» **Exercise data**:

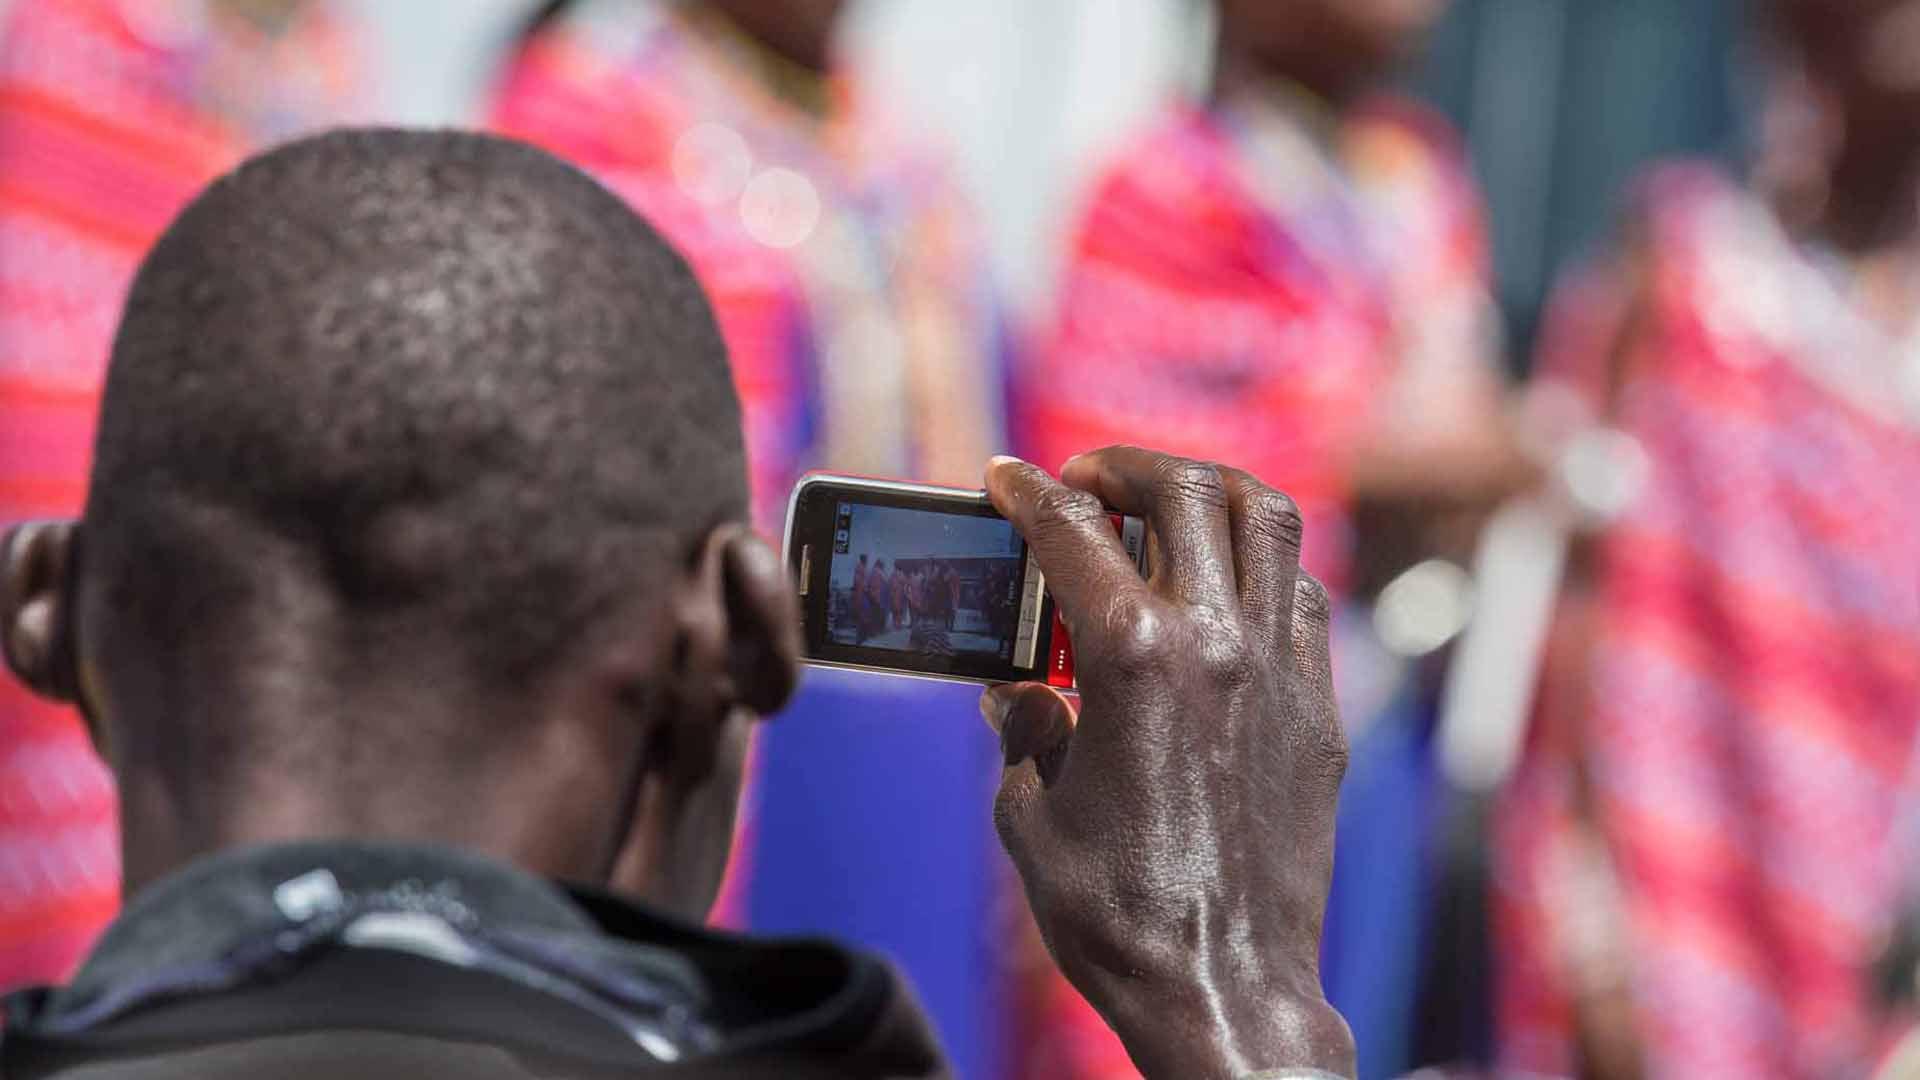 masai-taking-photo
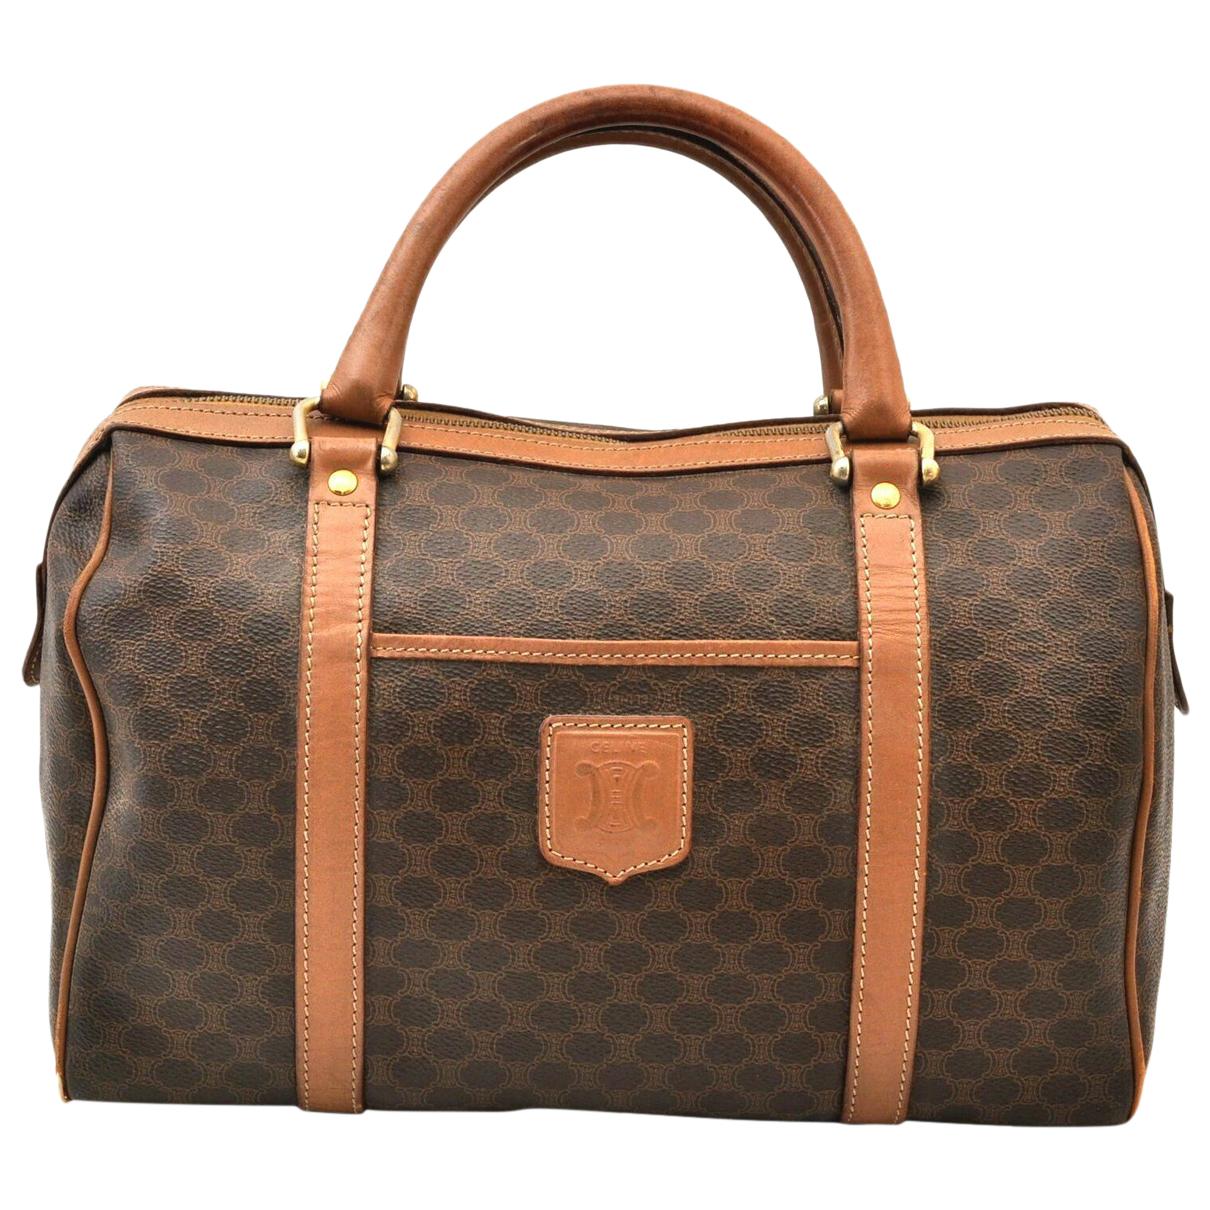 Celine N Brown Leather handbag for Women N
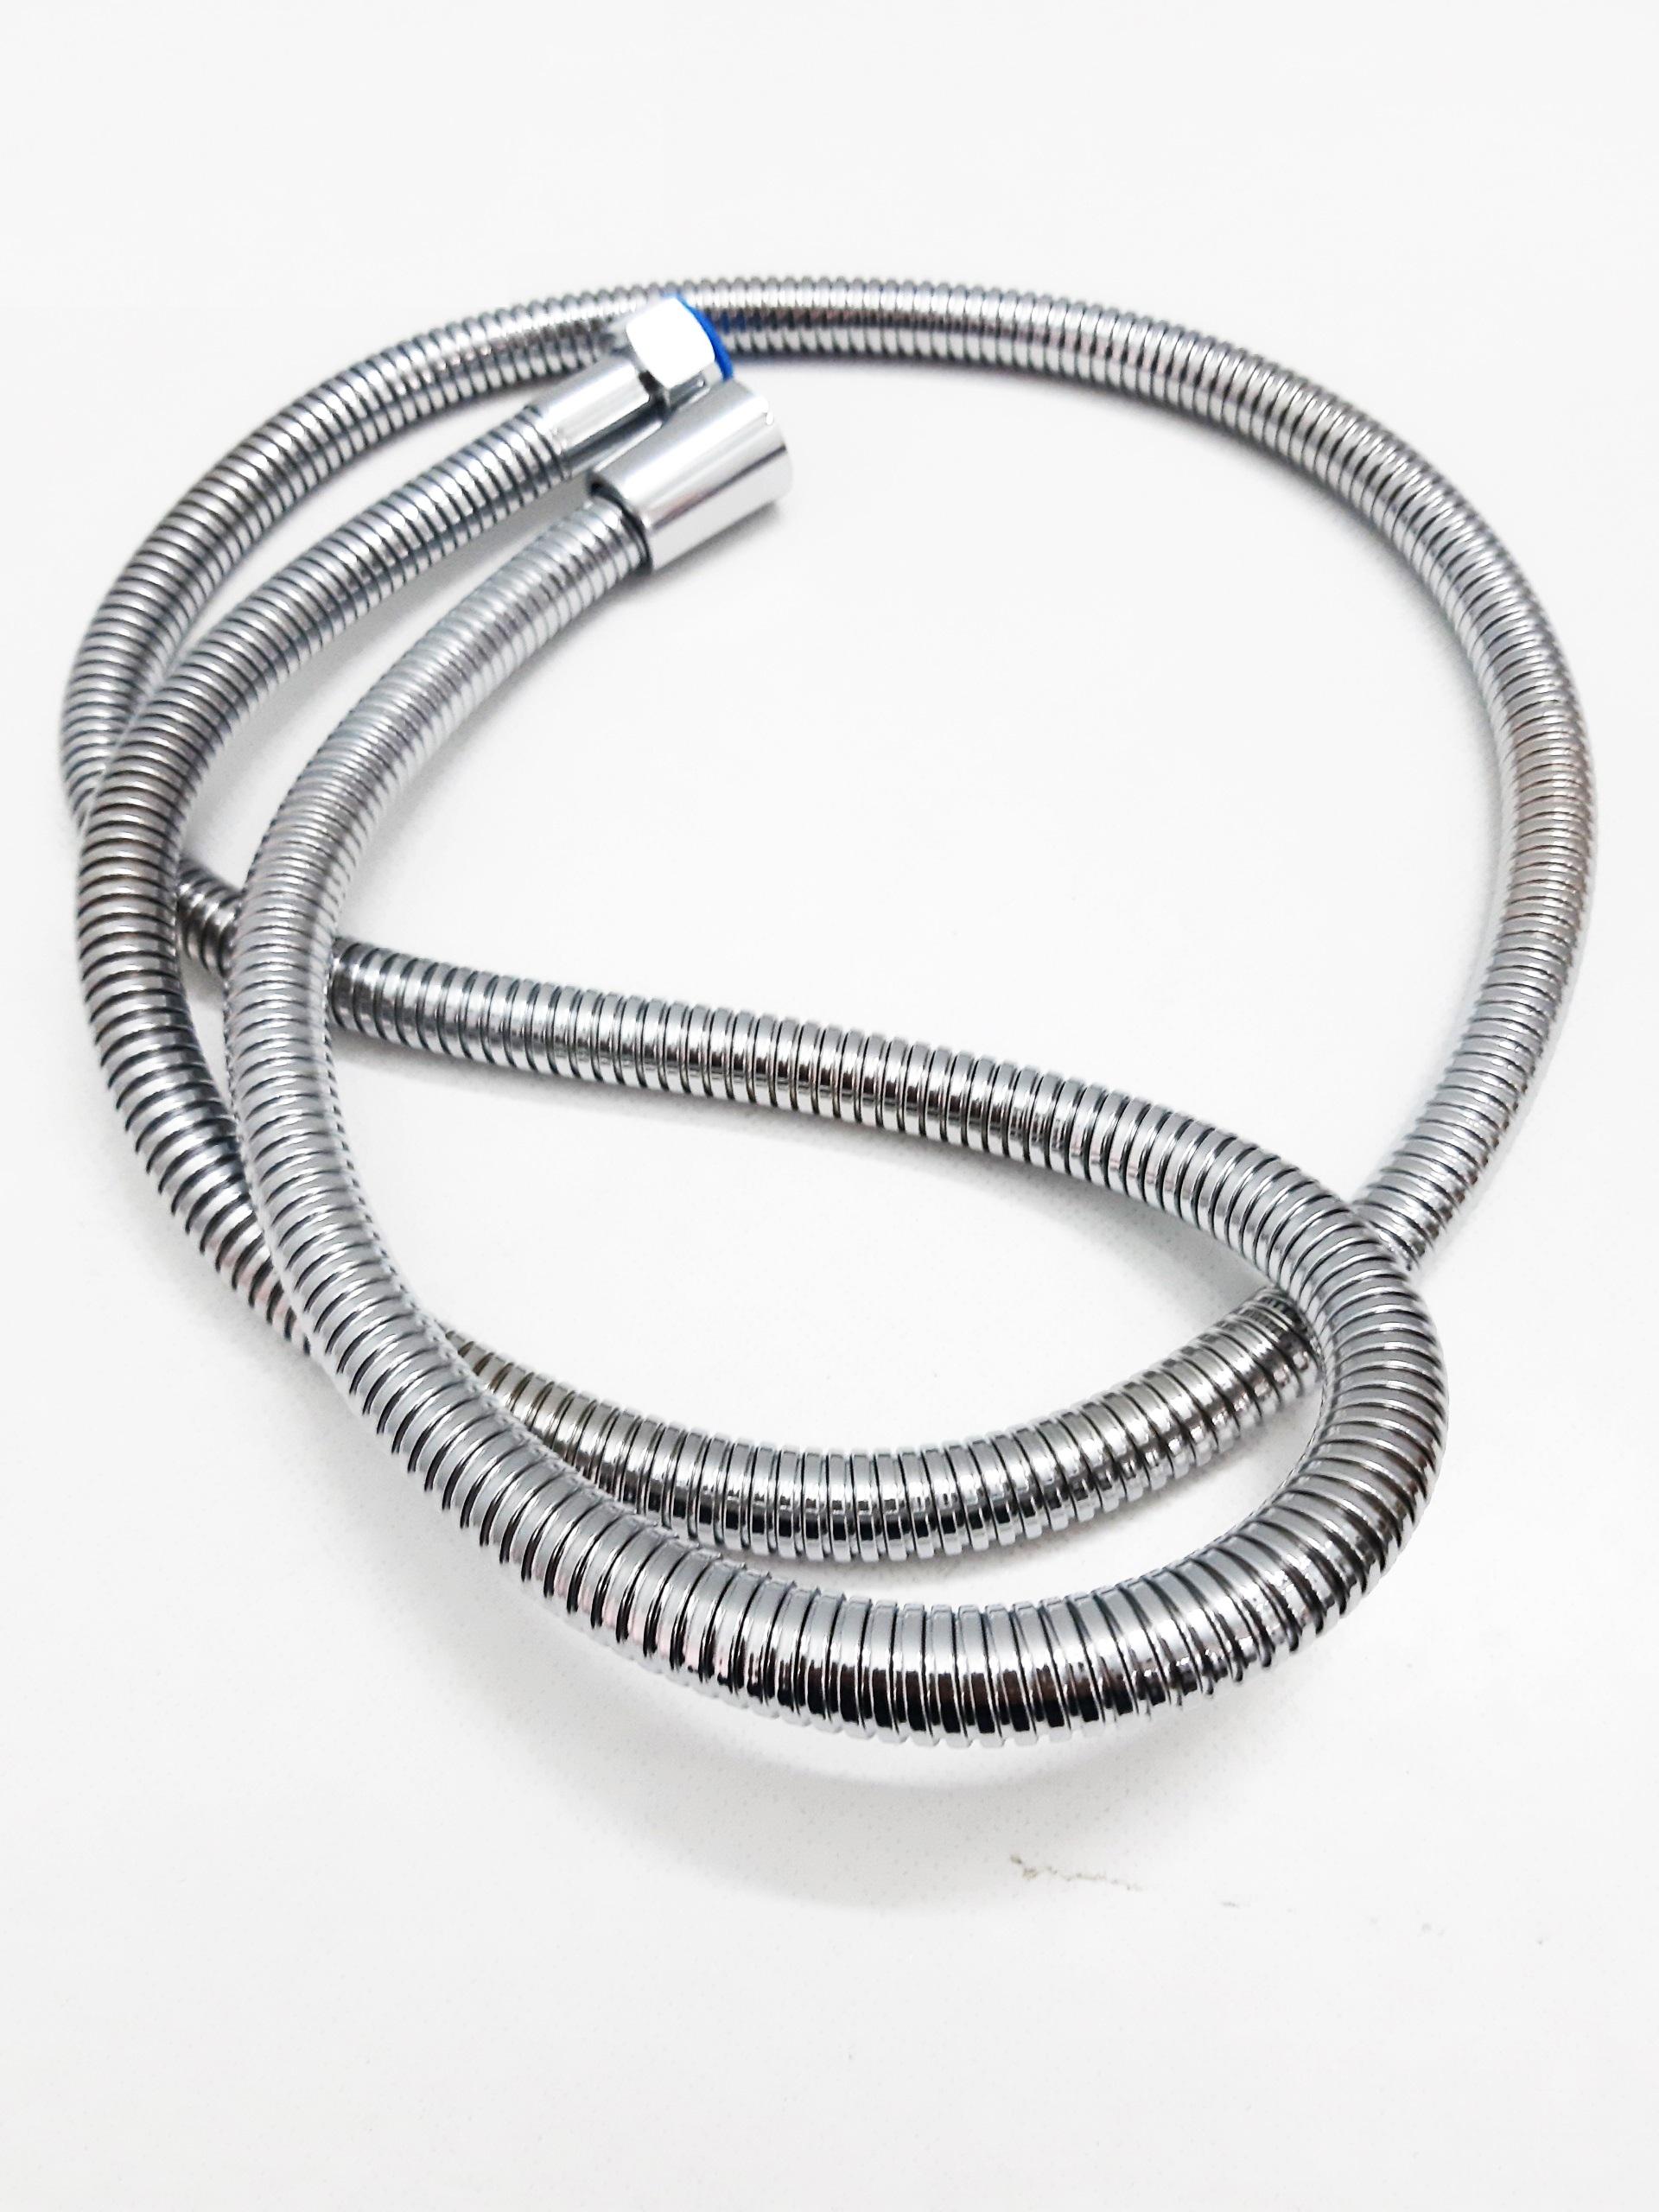 Bộ vòi sen tắm tăng áp lực nước Inox javal ( Vòi sen, dây lò xo, giá đỡ vòi, ốc vít... ) tiện lợi, cao cấp
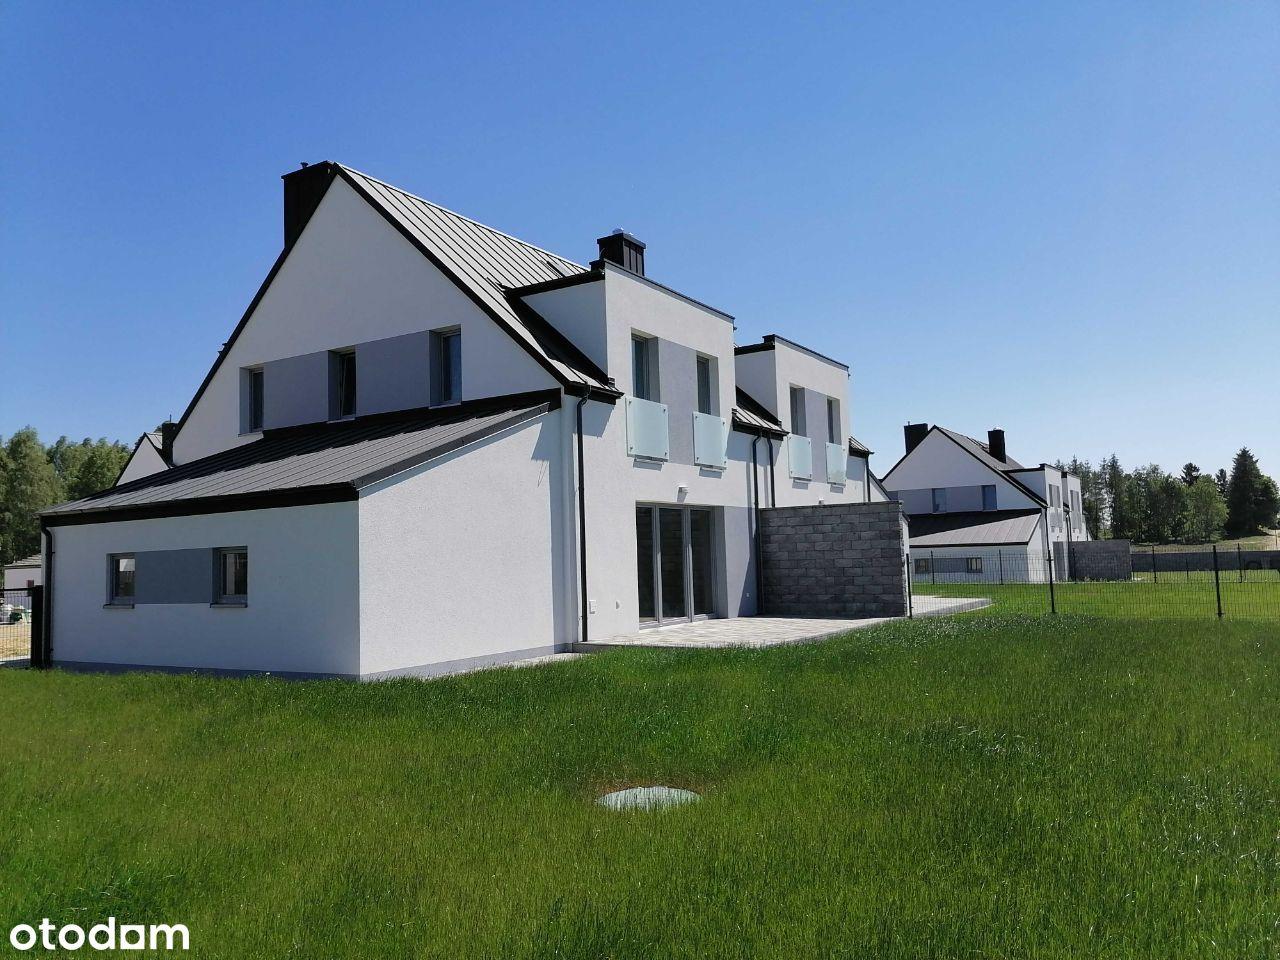 Dom jednorodzinny w zabudowie bliźniaczej Bojano.

» **Exercise details**:
Skip the pictures. Return exactly the lines from the one containing "Bộ vòi sen tắm" through the end of the data above, both included, and nothing besides.

» **Written reply**:
 Bộ vòi sen tắm tăng áp lực nước Inox javal ( Vòi sen, dây lò xo, giá đỡ vòi, ốc vít... ) tiện lợi, cao cấp
 Dom jednorodzinny w zabudowie bliźniaczej Bojano.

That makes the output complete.